There are certain transitions that seem logical or obvious but aren’t as easy to make as you would think. Being a entrepreneur doesn’t mean you will be a successful business owner. Many entrepreneurs struggle to make that transition to CEO, and often times their companies out-grow them. That’s why many of the most successful entrepreneurs have had a multitude of successful start-ups, and end up taking a role on the board of directors, or advisors, rather than drive their company into the ground. They know their strengths, and more importantly they know who to hire to get the job they need done, done.

The thing with a successful business plan is that you have to know your niche, and have an exit strategy. Entrepreneurs focus on the beginning, the establishment — developing an idea or concept; many times which comes from creating a convenience that they wanted but couldn’t find. Their end is when they either bow out gracefully, sell or…become the reason it fails.
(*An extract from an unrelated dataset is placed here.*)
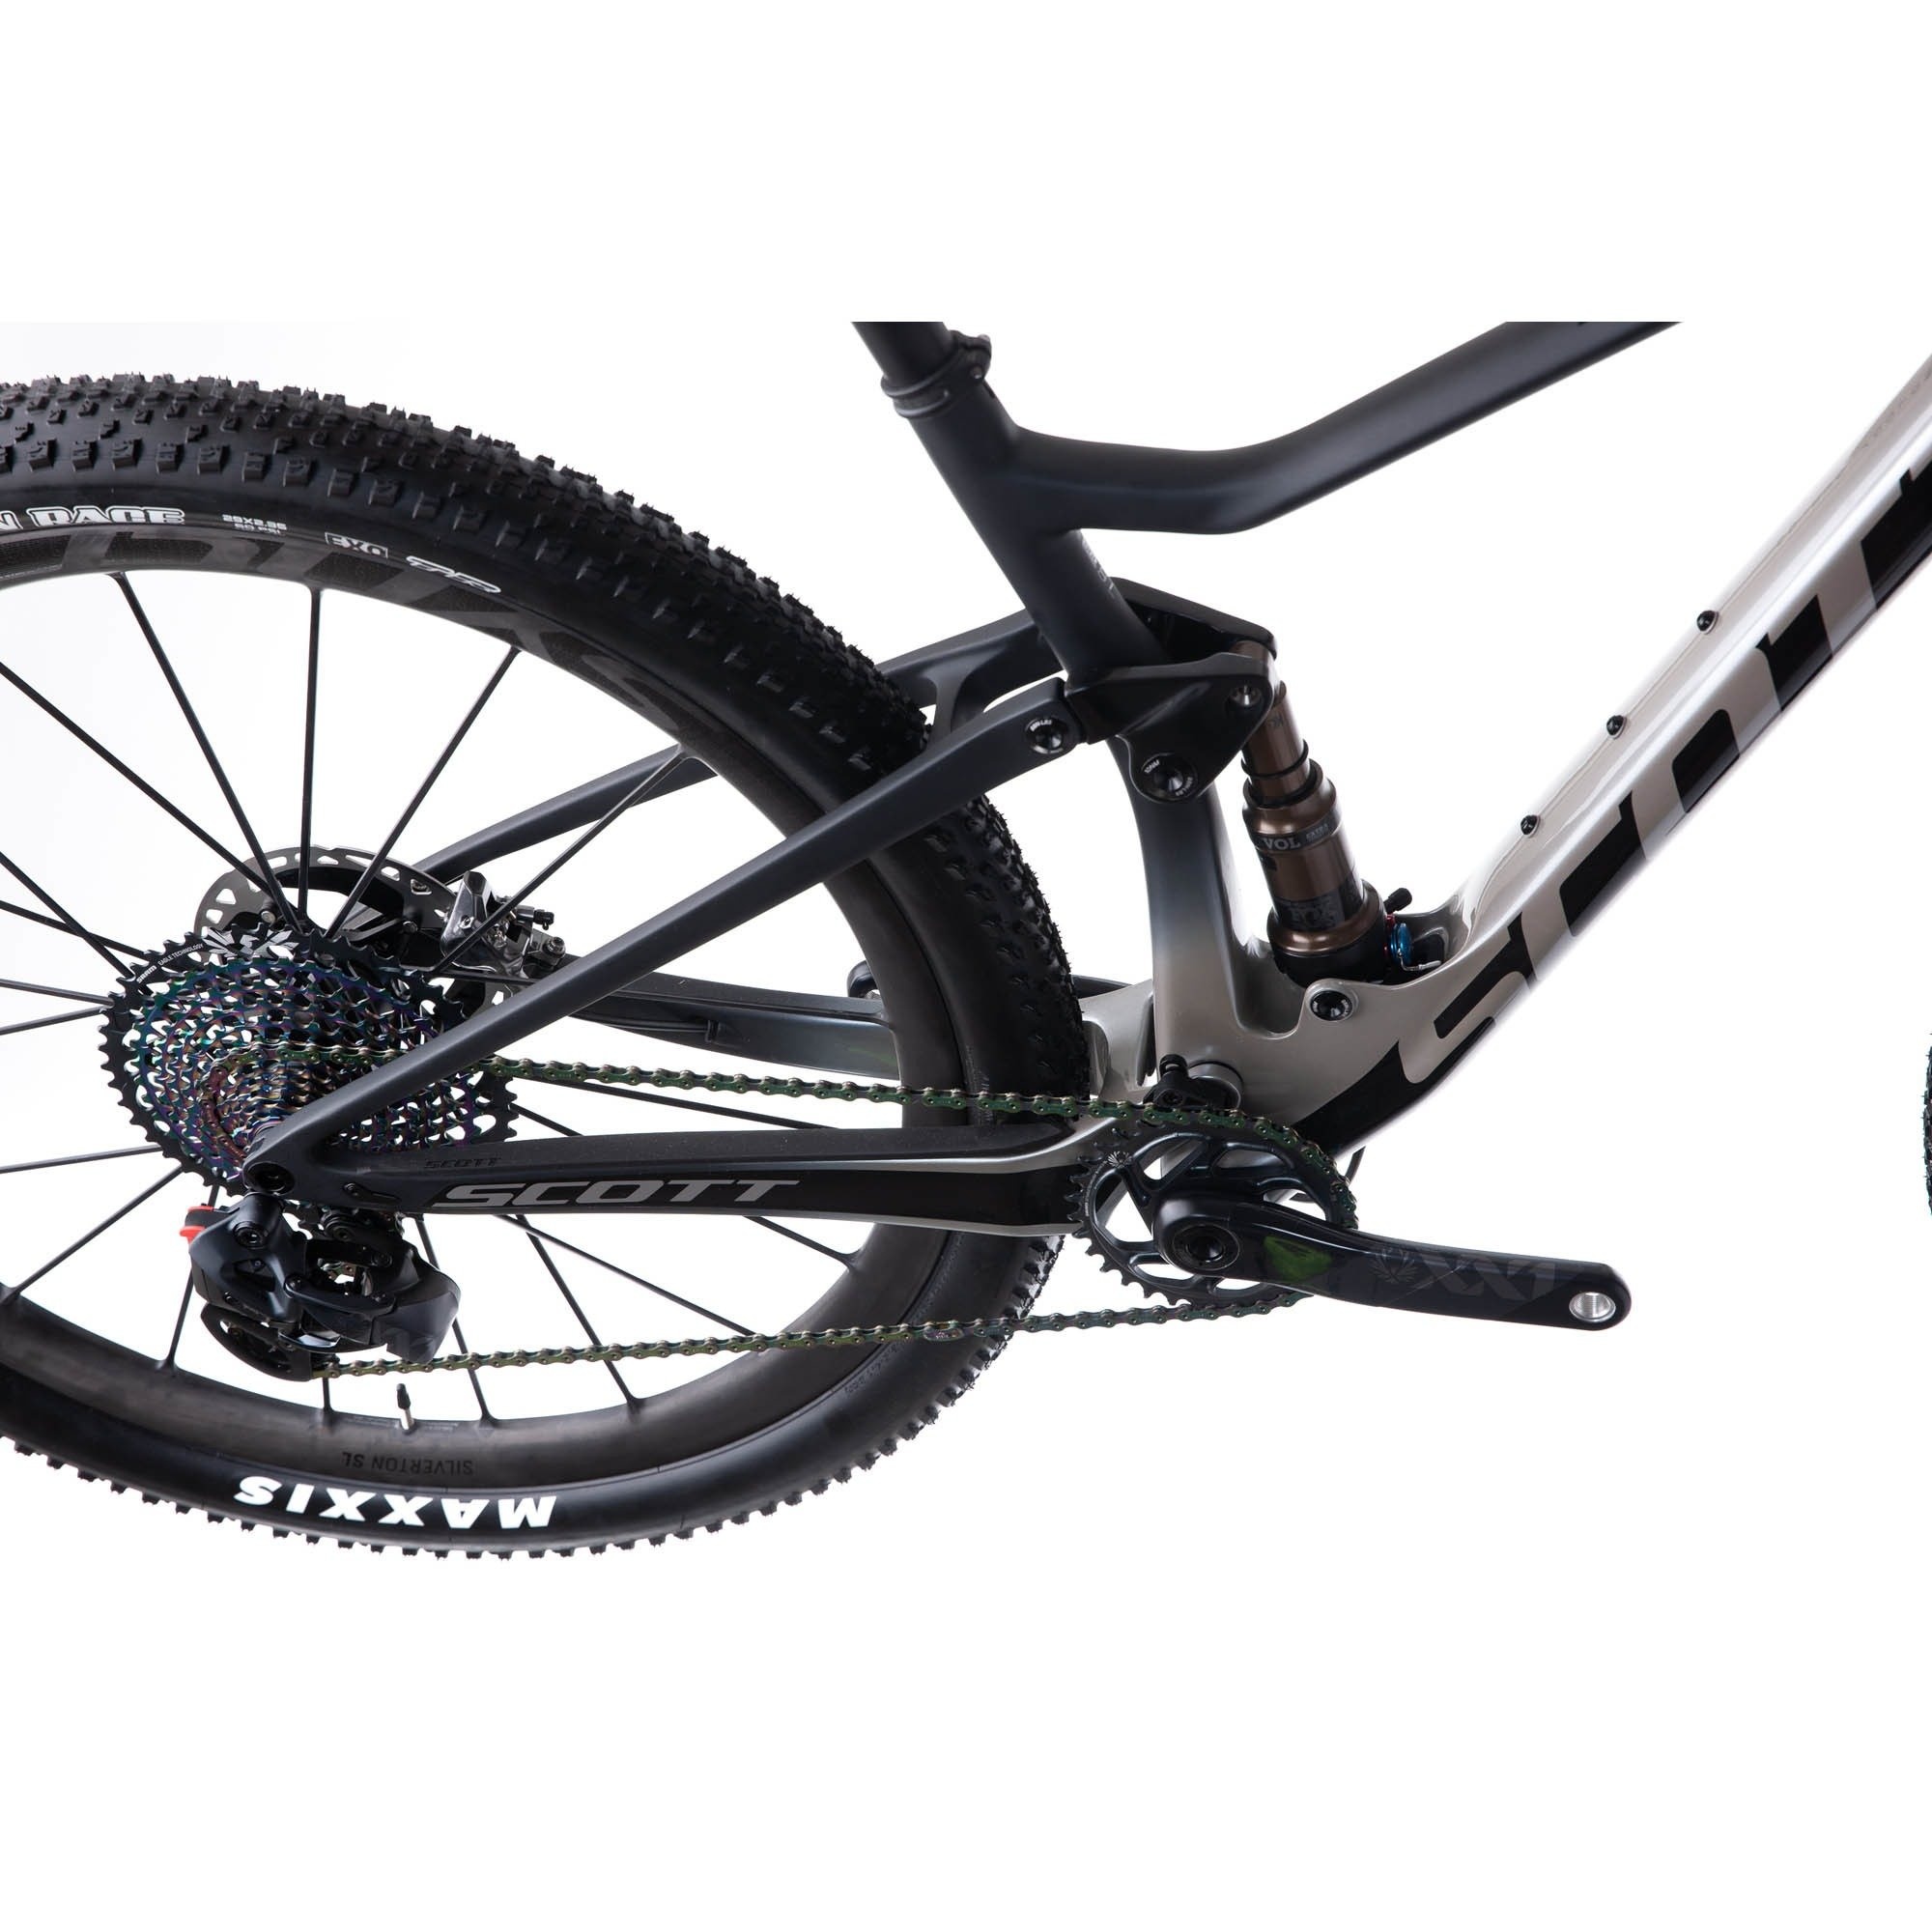 Cykler - Mountainbikes - Scott Spark RC 900 SL AXS 2020 (Udstillingsmodel)

When ever you start a business, you always have to know your exit strategy — or know where to go once you’ve reached what you were working for. Whether you have a number you want to reach financially so you can walk away and never have to work again (ie, retirement), or your company goes in a direction you do not agree with; and part ways. 
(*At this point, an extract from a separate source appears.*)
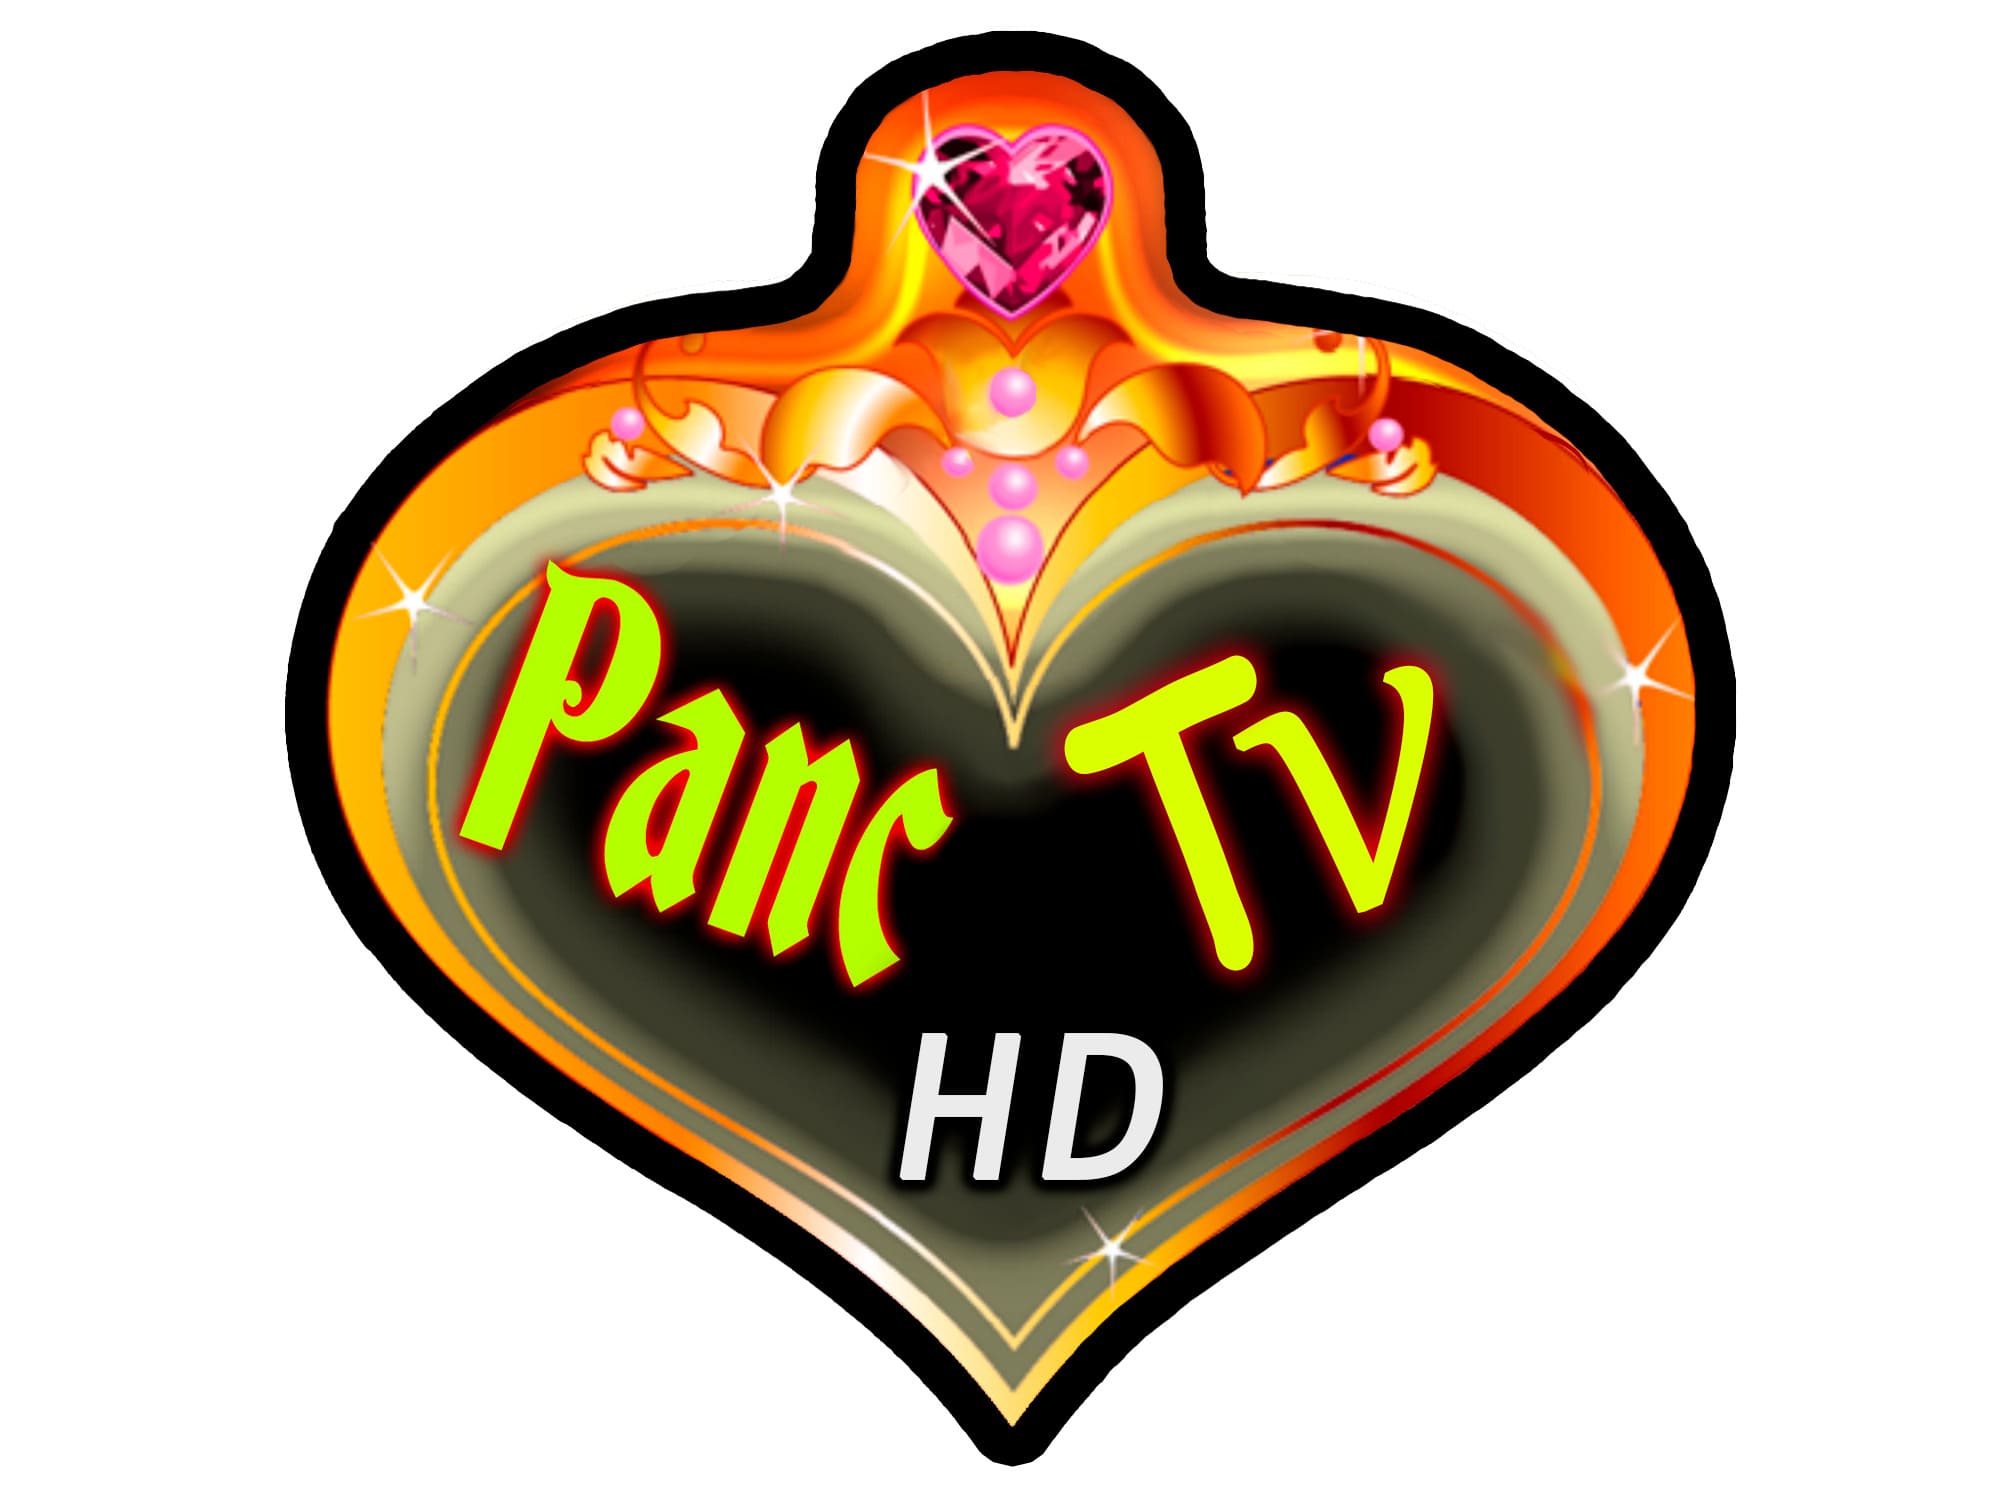 canal PANC TV TUCUMAN

Initially, my plan was to establish this company, remain as majority stock holder and appoint a CEO to manage the team and run the show so I could focus my energy elsewhere — at the time it was returning to being an artist; now its more about philanthropy. Since I’ve grown, that has somewhat changed. My heart isn’t in being a performer, as much as I may miss it or enjoy the brief moments I get to be on stage. I mean, the plan is the same but I wouldn’t go back to being an artist; not full-time anyway. [The reasons I wanted to be an artists were rooted in the idea that that would be the best, and only, way I knew how to reach the people and community, and contribute to making changes, and the impact in my community. I now know better ways to initiate the changes I want to see and make the contributions I want to make…but that is a blog for another day..]

I wouldn’t consider myself an entrepreneur, although over the past few years I have started growing into that role and contributing to the start-up of many different projects that I am passionate about; I never would have been able to be at this position without AG One. I didn’t start AG One to be an entrepreneur. We started it because we knew what we wanted to do, and no one would give us the platform to do that unless we did it ourselves. I never went into the music industry with the sole purpose of getting rich or obtaining fame, but I was conscious of the fact that it was a possibility — the good and bad.

The reason I’m reflecting on this today is because while I was at my buddy’s house helping him unpack from his move he asked me, “Where do you see yourself and where do you want to be, will you be doing AG One forever, or do you plan to walk away?” Honestly, no I won’t do it forever. Once I reach my number — not including assets, property, or investments — I will gladly walk away and move into the next phase of my career and life. I would be able to dedicate my time to my family, and building my own family; and being involved in the philantrophic and community organizations…maybe even get my credentials and get back in the classroom. But for the time being, I have a mission to accomplish — and these are all career moves that will get me to the place that I need, and want, to be in order to really make the passion moves I intend to make.